Companies and the executives involved in a security incident response are, almost without exception, doing it for the first time and laser focused on “doing the right thing for their customers.” While the motivation to do the right thing as quickly as possible is laudable, that zeal should not be allowed to cloud sound business and legal judgment, leading to rash and unfounded public communications. It is extremely difficult to deal with the volume of incoming information while at the same time developing third-party communications in the face of executives, customers, the press, regulators and adversaries pounding on the table for more information, more quickly. This need to communicate quickly has to be balanced with the threat of after-discovered facts and legal/business downside associated with overly enthusiastic communications. The best means of juggling these competing interests is by practicing the incident response plan and building a team that is experienced in high pressure, high stakes security incident response.
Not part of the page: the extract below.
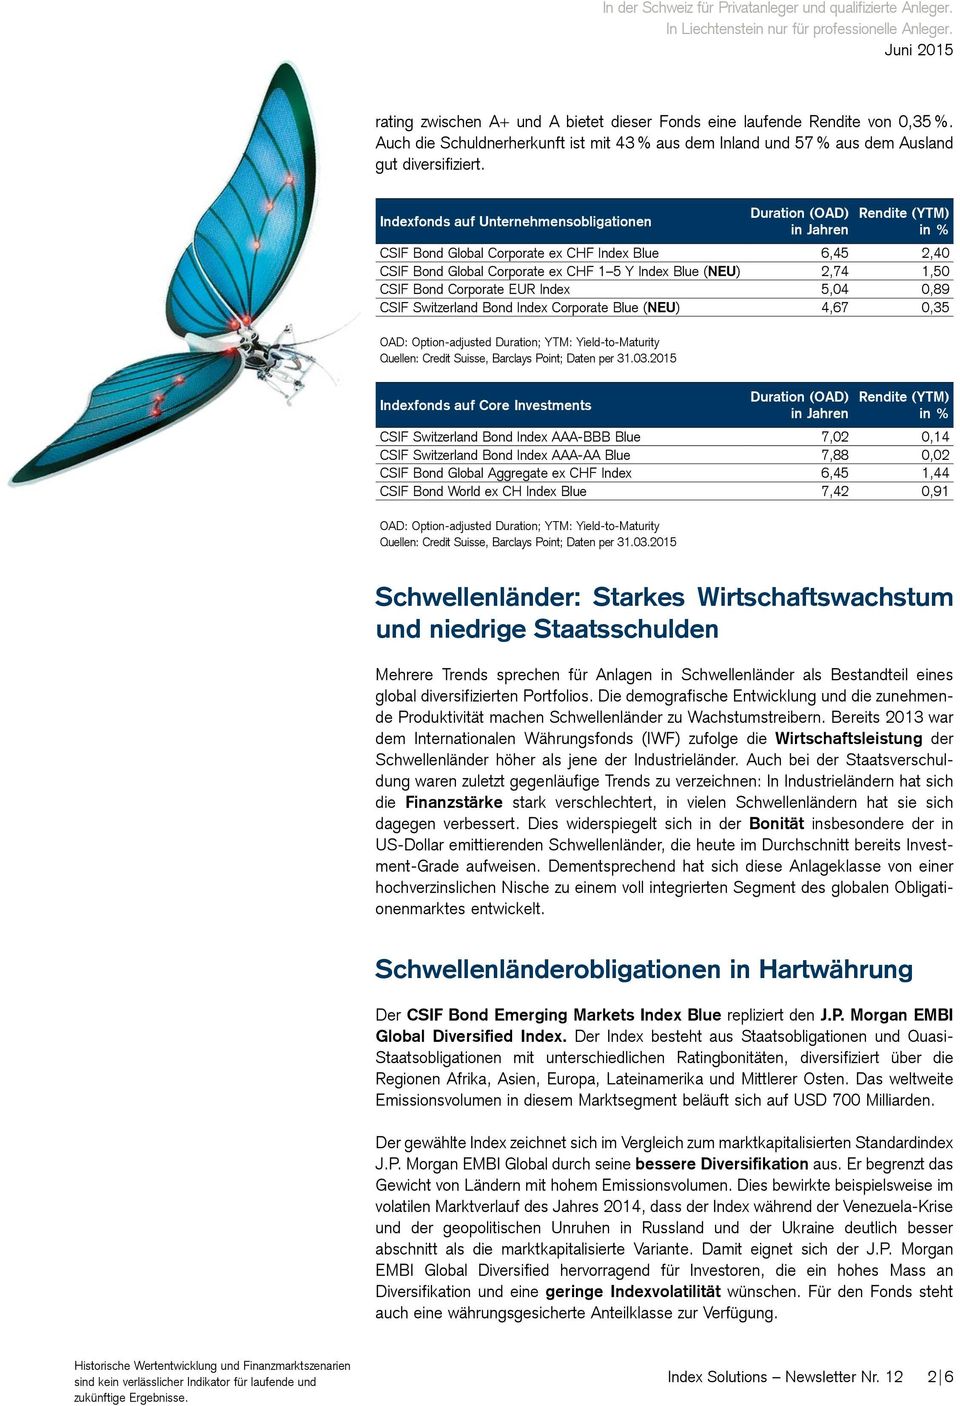 0,89 CSIF Switzerland Bond Index Corporate Blue (NEU) 4,67 0,35 Indexfonds auf Core Investments CSIF Switzerland Bond Index AAA-BBB Blue 7,02 0,14 CSIF Switzerland Bond Index AAA-AA Blue 7,88 0,02

Our clients and prospective clients are rightfully concerned that breach communications will be “lawyered up” or sound “too legalistic.” Experienced counsel and PR advisors should, however, be able to use both legal judgment and solid writing skills to produce communications that tell the story in a customer-friendly way, without at the same time creating problems with ill-timed, unfounded, vague or overly optimistic communications. This is by no means an easy balance to strike, but experienced and skilled practitioners should be able to simultaneously sort through hypertechnical facts of a security incident, identify the resulting business and legal issues, and develop well-crafted public statements that advance your business interests in a customer-friendly manner – all without “sounding like a lawyer.”
This advisory is published by Alston & Bird LLP’s Privacy & Data Security practice area to provide a summary of significant developments to our clients and friends. It is intended to be informational and does not constitute legal advice regarding any specific situation. This material may also be considered attorney advertising under court rules of certain jurisdictions.